Сила государства имеет два измерения: инфраструктурное и деспотическое (Mann, 1988). Эффективная инфраструктурная власть – это возможность государства проводить политику через инфрастуктуры, пронизывающие его территории. Инфраструктурно сильное государство может быть как демократическим, так и авторитарным. Демократические США обладают более сильной инфраструктурой, чем авторитарный СССР. Этот тип власти – власть «через» людей, а не «над» людьми. Но деспотическая власть дает государственным элитам возможность принимать решения вопреки воле своих граждан или подданных. Практически у всех современных государств инфраструктурная власть выше, чем у их исторических предшественников, а многие из них обладают и значительной деспотической властью. Сочетание значительного объема той и другой власти характерно для авторитарных государств ХХ века, которые я здесь и попытаюсь объяснить. Как возникало такое сочетание? Вот ответ: его породила чрезмерная приверженность к обычным политическим идеалам современности.
К началу ХХ века в Европе уже имелись суверенные национальные государства. Иначе говоря, каждое из этих государств претендовало на суверенную власть над определенными территориями, получая свою легитимность от «народа» или «нации», на этих территориях обитающей (хотя многие из них, разумеется, оставались мультиэтничными). Однако национальные государства молоды. Разумеется, уже с XVI—XVII веков монархи во внешней политике претендовали на суверенную власть, возникали «дворянские нации», а в религиозных войнах выковывались «нации духа». Но основная часть населения влилась в «нацию» совсем недавно. Вплоть до XVIII века государство, в сущности, делало очень немногое.
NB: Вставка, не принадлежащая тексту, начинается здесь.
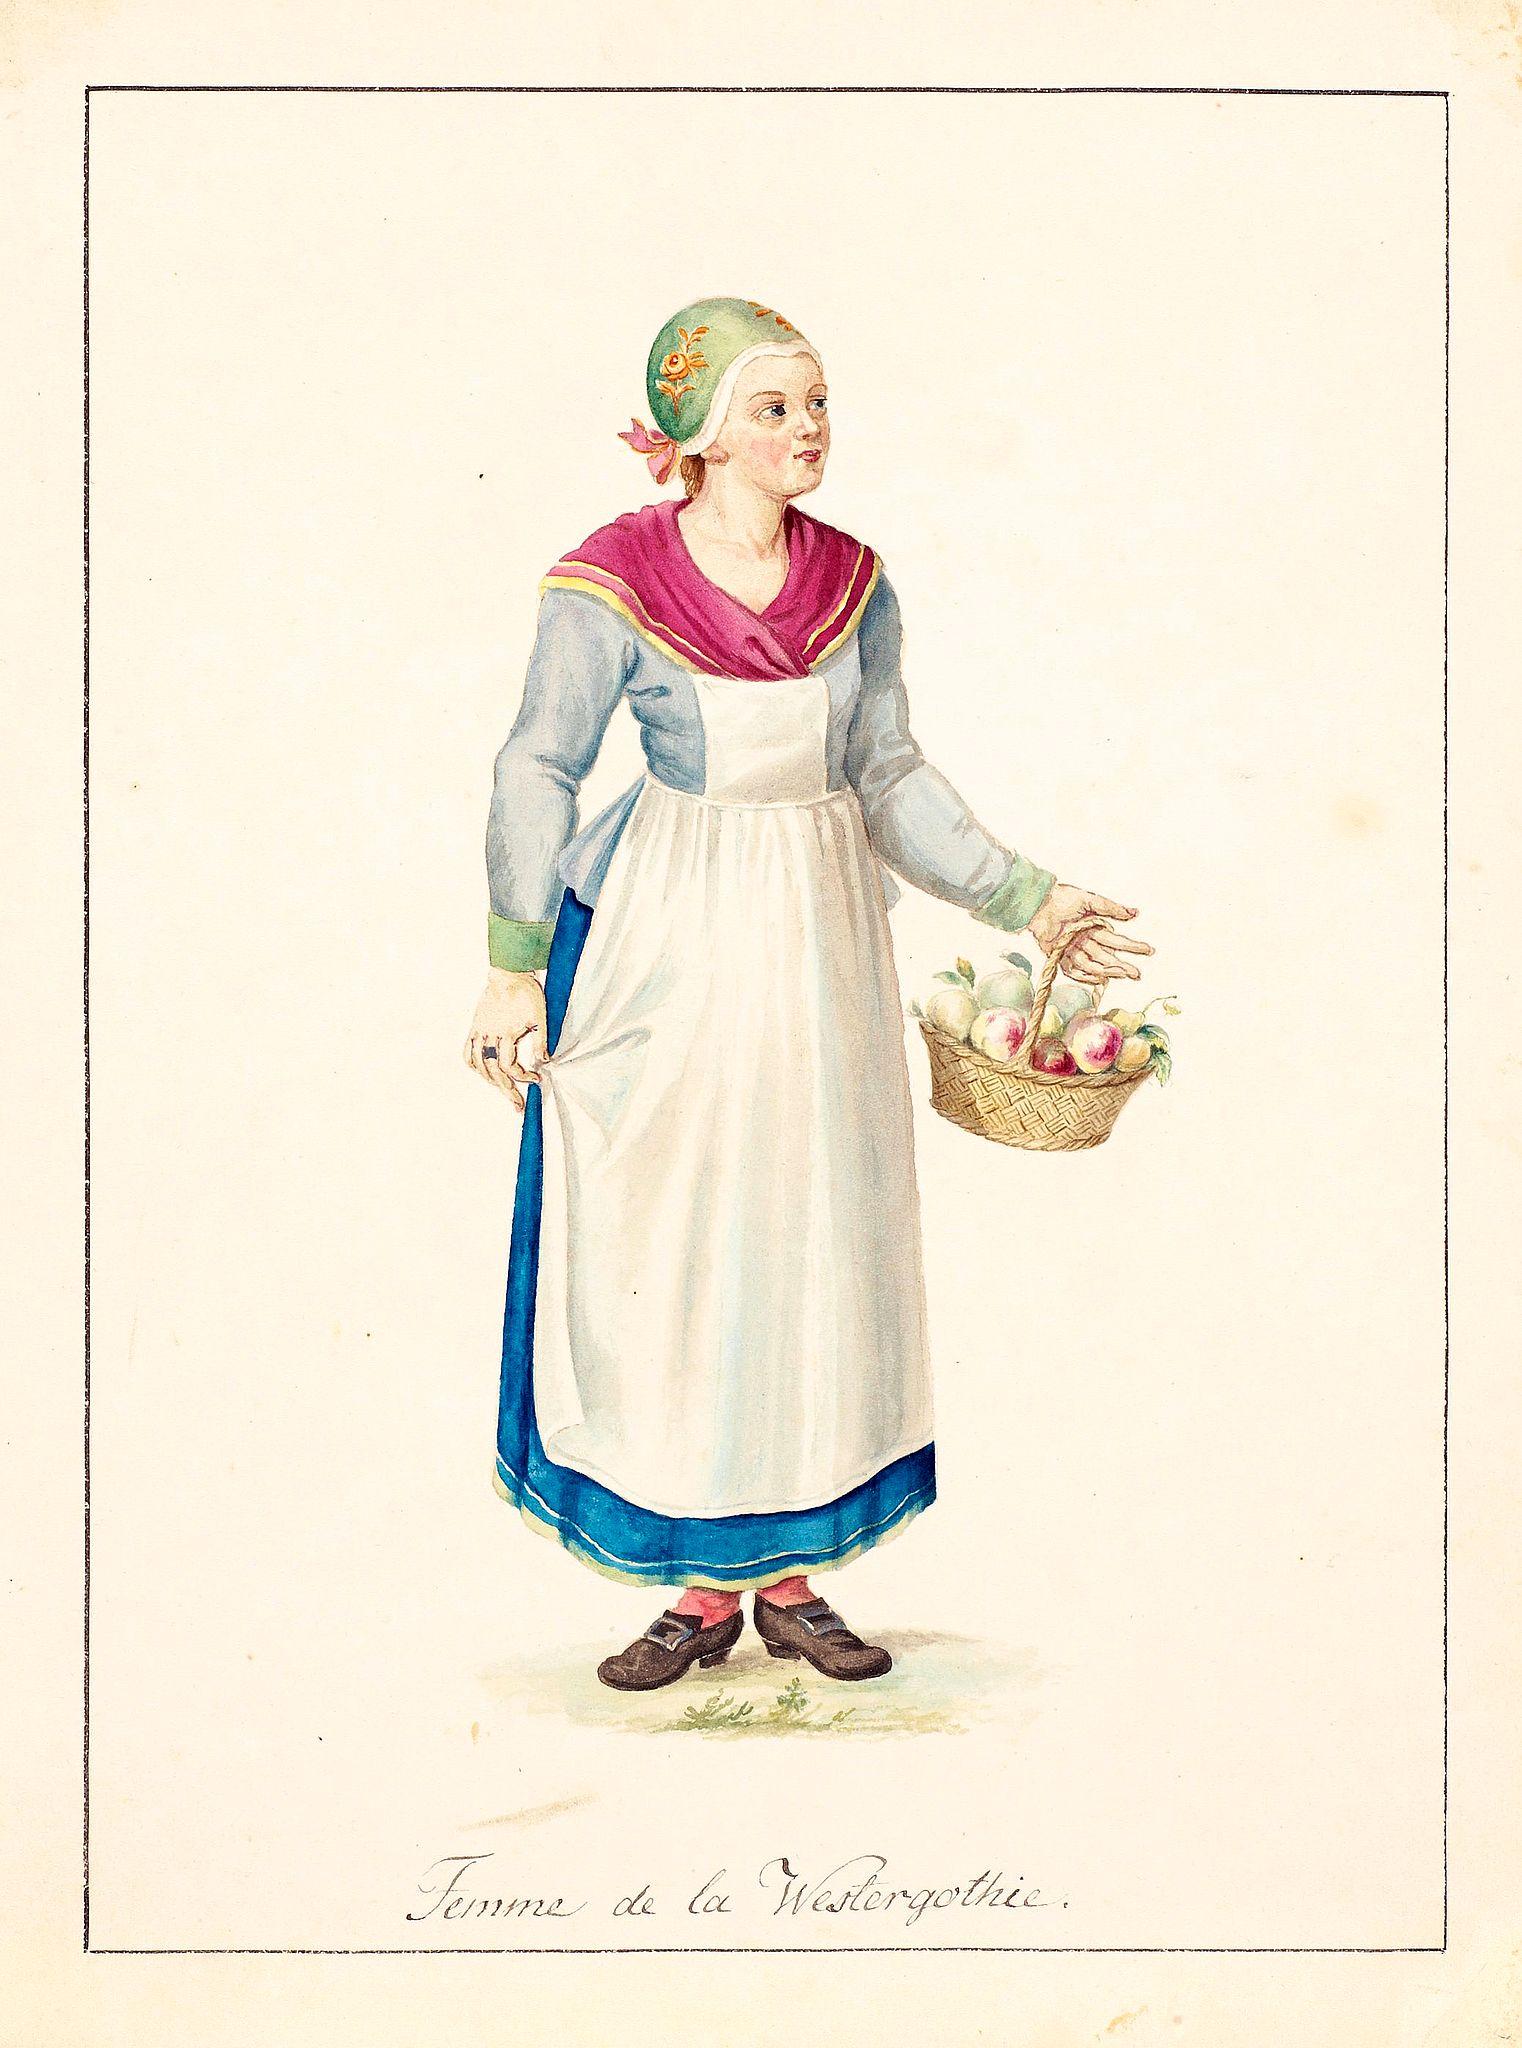 SWEDMAN, C.W. attributed to -  Femme de la Westergothie.

Оно вело переговоры и локальные войны с соседними государствами, вершило суд и расправу на высшем уровне. Формально регулировало внешнюю торговлю и владело монополиями, которые, как правило, сдавало в аренду частным лицам. Некоторые государства контролировали цену на зерно, чтобы предотвратить голодные бунты. Только опираясь на устойчивую и послушную церковь, государство могло проникнуть в жизнь общества за пределами столицы и собственно королевских земель. Однако в XVIII веке государства монополизировали право на военное насилие и начали бурно развиваться. Около 1700 г. государство присваивало приблизительно 5 % ВВП в мирное время и 10 % во время войны. В 1760-е гг. этот уровень вырос до 15 % и 25 %. В 1810-е гг. – до 25 % и 35 % соответственно, а 5 % населения стали военнообязанными. Эти цифры (Mann, 1993, гл. 11) схожи с данными в период двух мировых войн и с высочайшими современными ставками налогообложения – в Израиле и в Северной Корее. Это сравнение позволяет нам понять размах изменений, произошедших в XVIII веке. Почти незаметное ранее, государство явило себя подданным в полный рост: сборщики налогов и армейские вербовщики вошли в каждый дом. Подданные очнулись от прежнего политического безразличия и начали требовать себе представительских прав. Так родилось членство в нации, гражданство – первый из политических идеалов современности.
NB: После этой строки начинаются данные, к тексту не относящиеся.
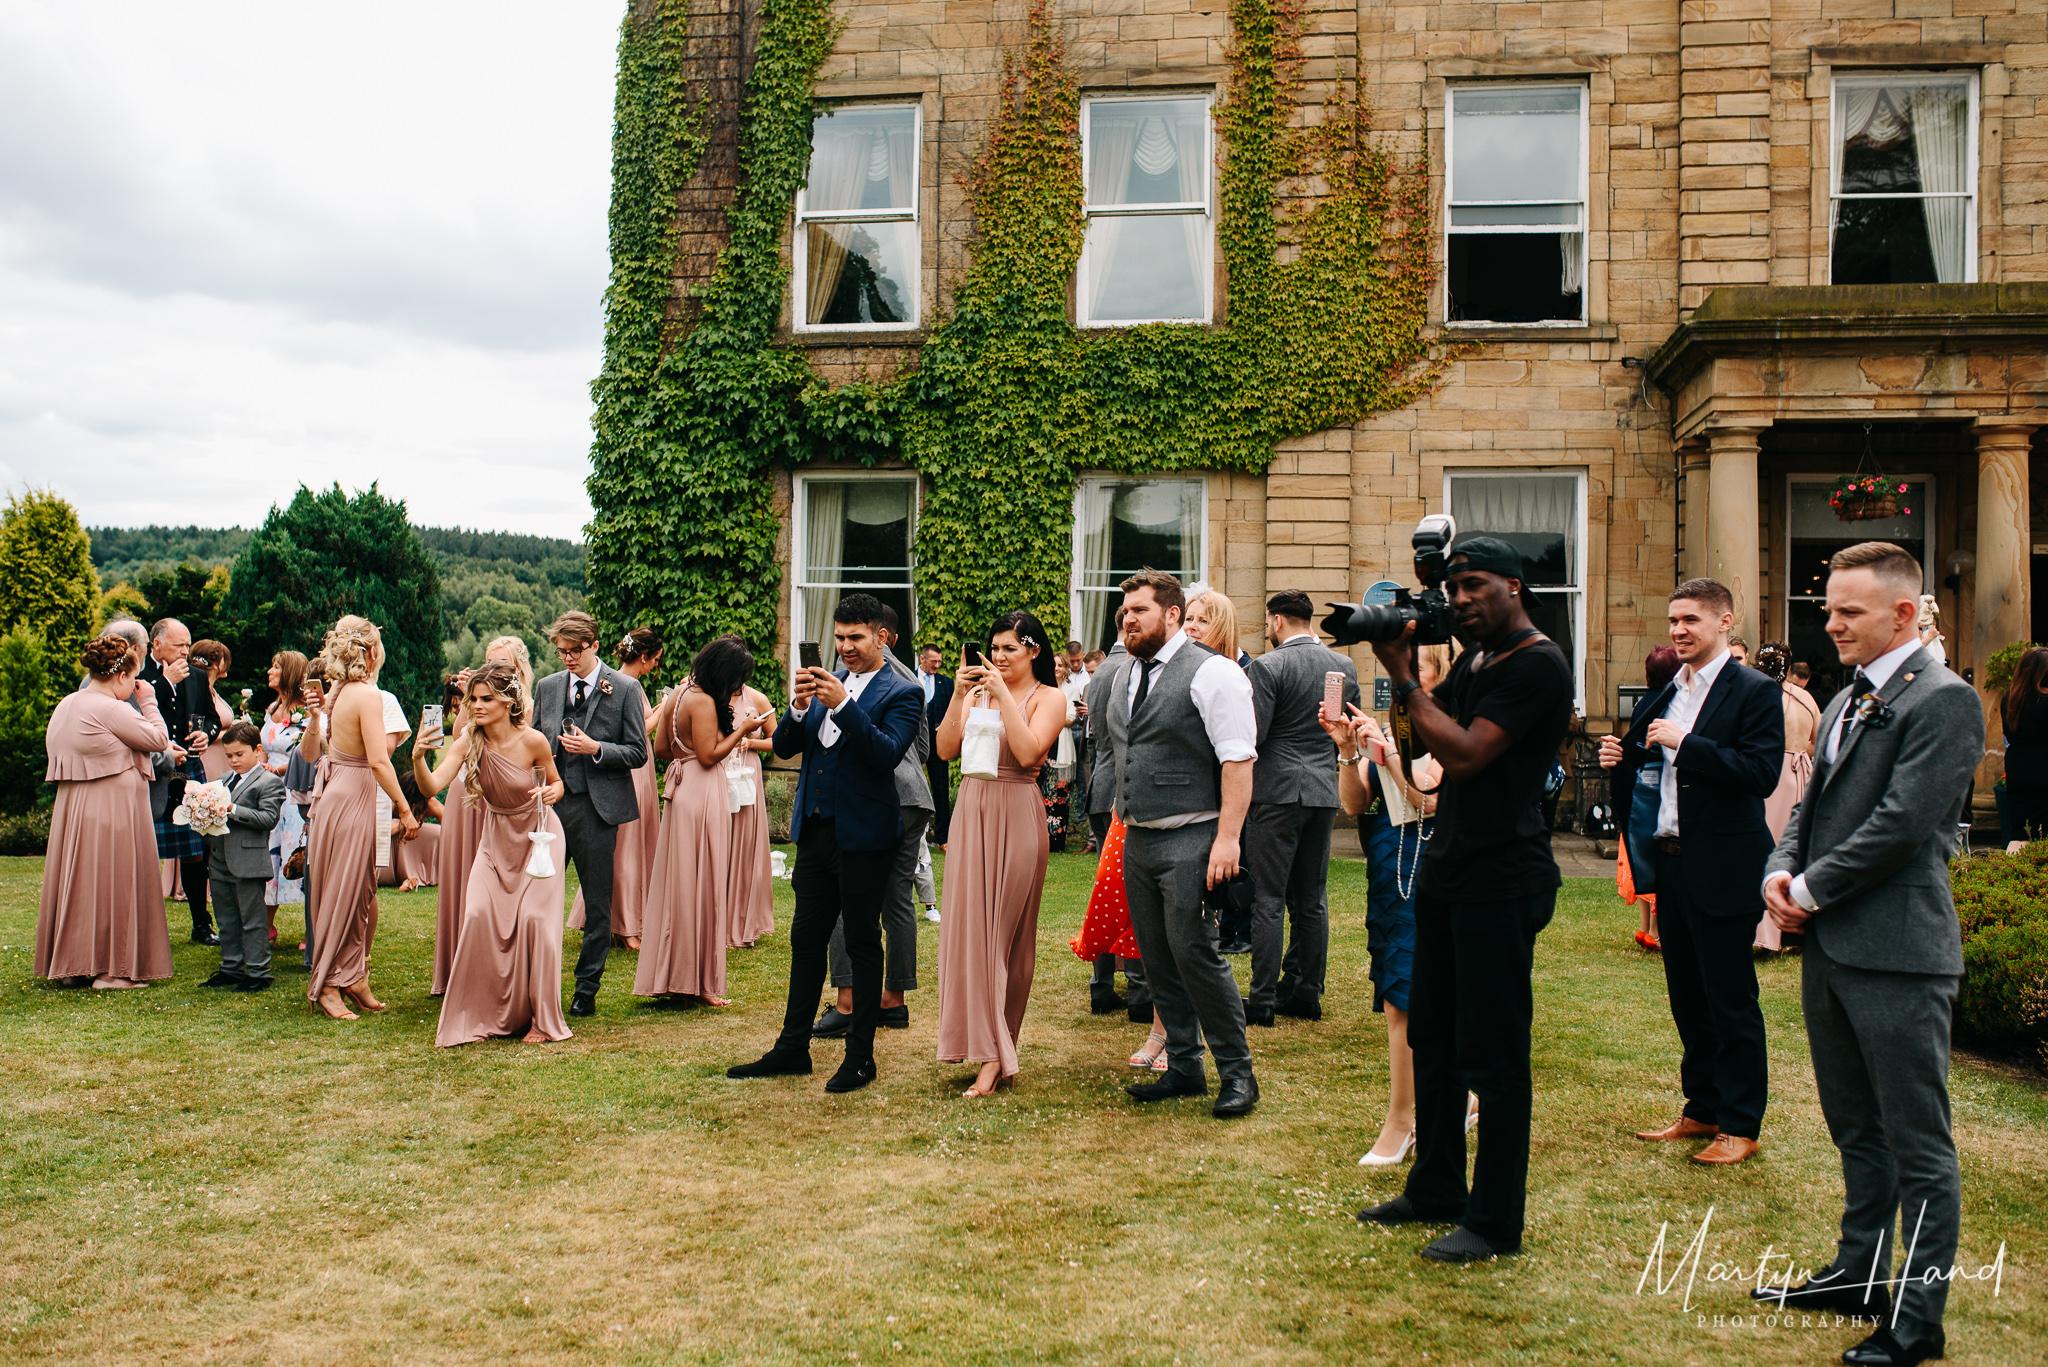 Waterton Park Hotel Wedding Photographer Martyn Hand Photography

Однако даже в XIX веке немногие видели в государстве путь к достижению важных общественных целей. Свобода обычно воспринималась как свобода от государства, а не благодаря ему. Лишь якобинцы эпохи Великой Французской революции сумели сформулировать представление о сильном государстве и активном гражданском участии как социальном и моральном идеале. Якобинцы потерпели поражение, но государство пошло окольным путем и начало укрепляться за счет развития индустриального капитализма. Государство оплачивало строительство дорог и каналов, брало на себя попечение о бедняках. Во Франции государство участвовало в общественных проектах в большей степени, чем в Великобритании или США, а в Германии протекционистская теория Фридриха Листа стала ответом на вызов, брошенный свободным рынком. К концу XIX века возникли новые экономические теории, требовавшие большего вмешательства государства. К этому времени государство строило железные дороги, занималось массовым образованием, здравоохранением, появились и первые социальные программы. Все это означало рост инфраструктурной власти. Народ охотно принимал эти блага, но не слишком охотно платил налоги, все больше людей начинали интересоваться народным представительством и правами граждан – словом, стремились сократить деспотическую власть государства.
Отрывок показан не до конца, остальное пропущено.